DG: The idea that alienation is a bad thing is a modernist problem. Most philosophical movements—and, by extension, social movements—actually embrace alienation. You’re trying to achieve a state of alienation. That’s the ideal if you’re a Buddhist or an early Christian, for example; alienation is a sign that you understand something about the reality of the world.

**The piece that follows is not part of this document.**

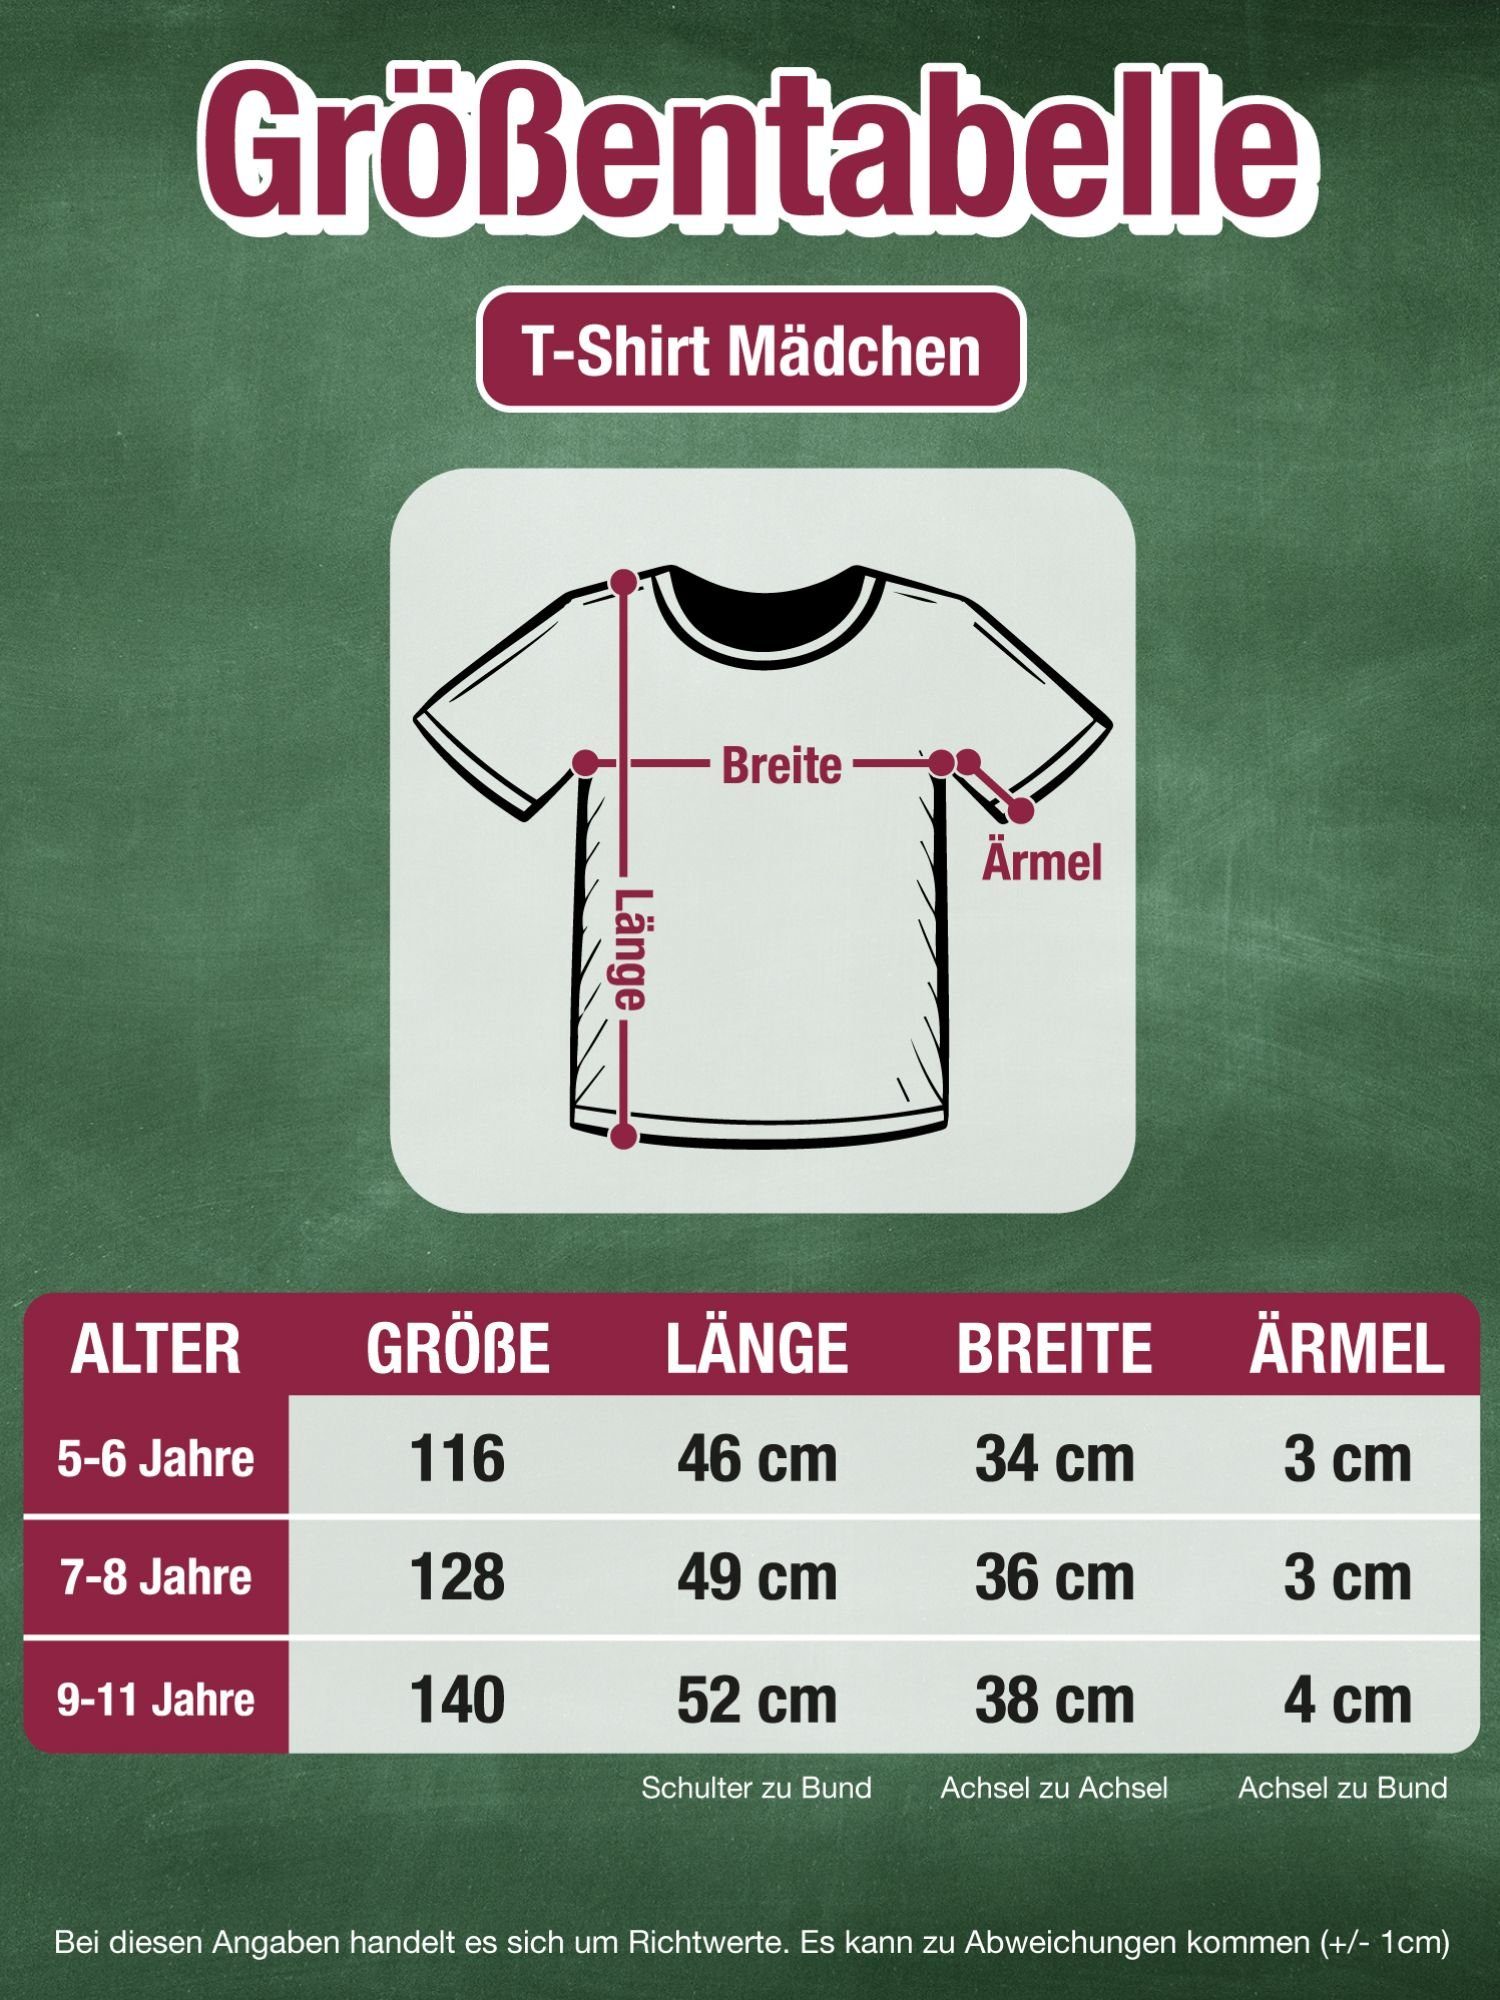 T-Shirt Shirtracer Vorschulkind Geschenke ich Fuchsia 2 Vorschulkinder Hurra türkis ein bin
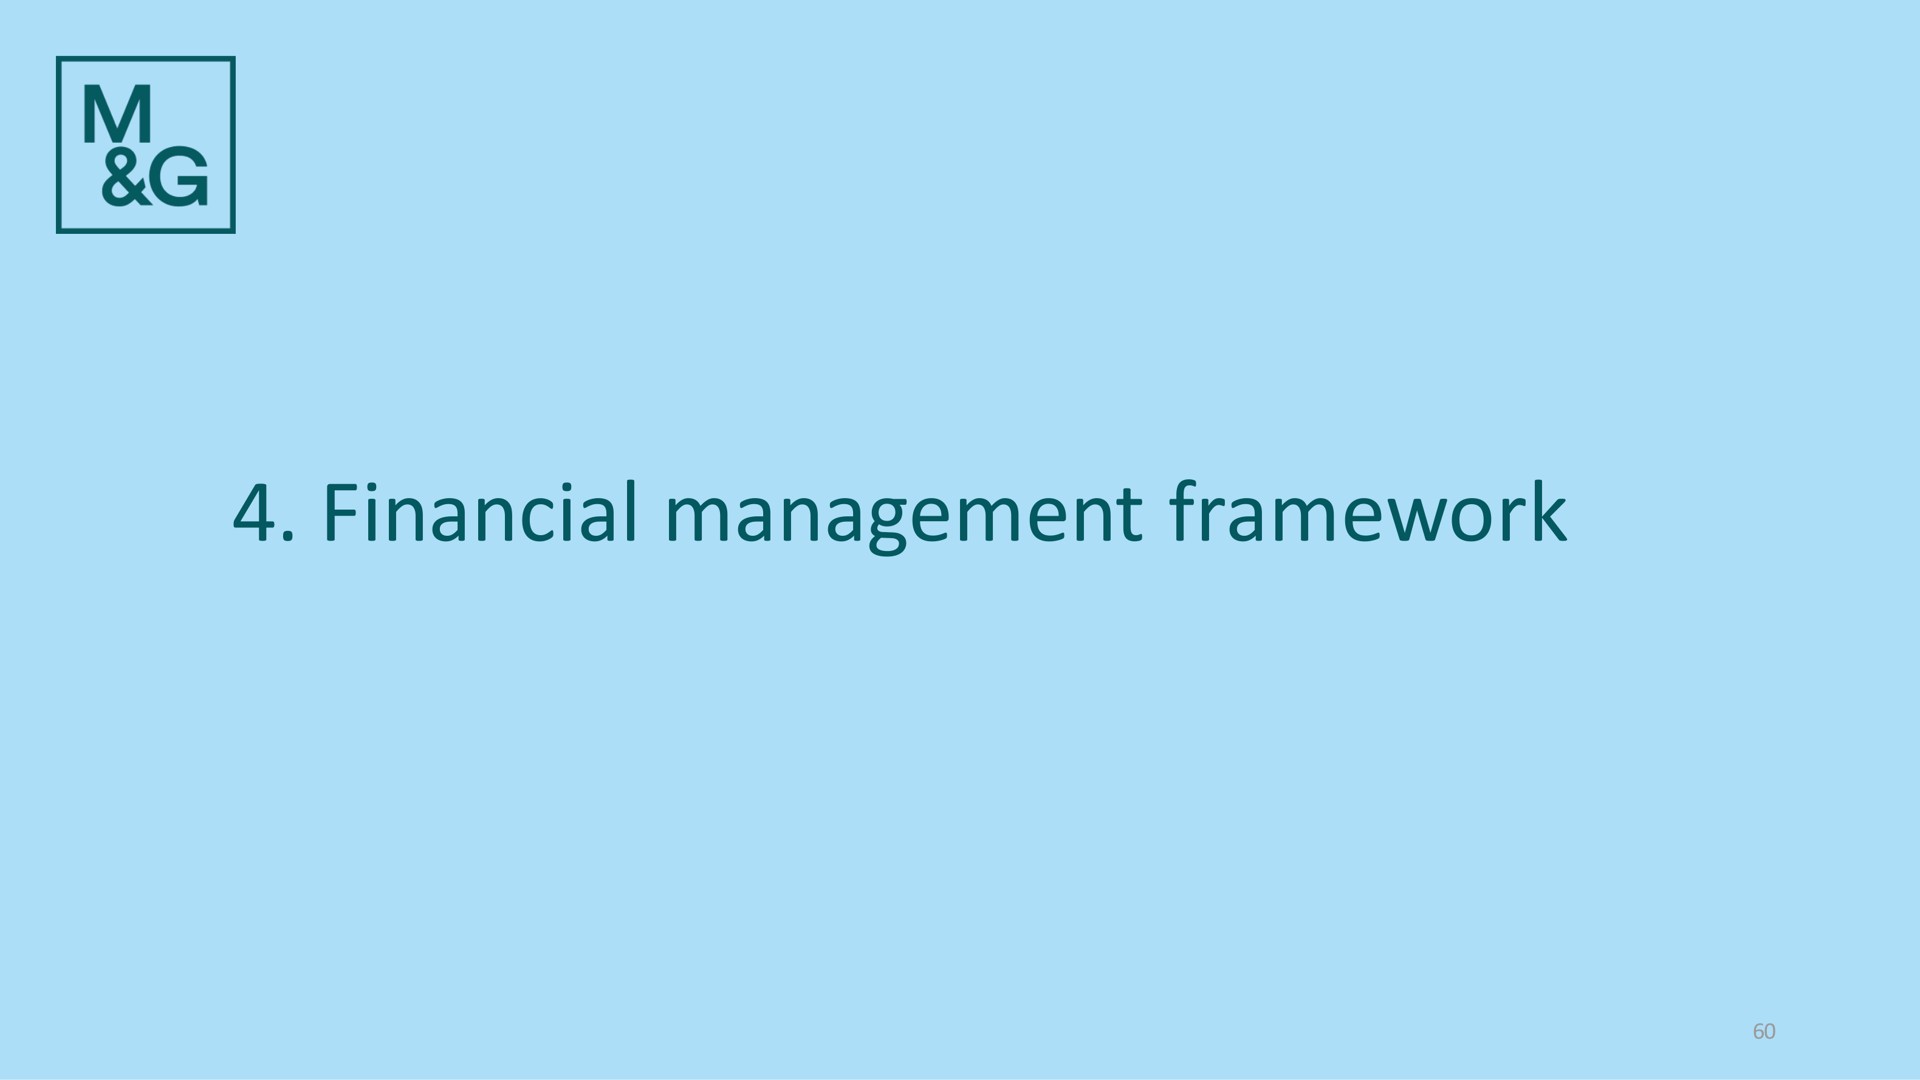 financial management framework | M&G

So perhaps what’s new with modernity is that people feel they shouldn’t be alienated. Colin Campbell wrote a book called The Romantic Ethic and the Spirit of Modern Consumerism , in which he argued that modernity has introduced a genuinely new form of hedonism. Hedonism is no longer just getting the sex, drugs, and rock ’n’ roll or whatever but it’s become a matter of selling new fantasies so that you’re always imagining the thing you want. The object of desire is just an excuse, a pretext, and that’s why you’re always disappointed when you get it.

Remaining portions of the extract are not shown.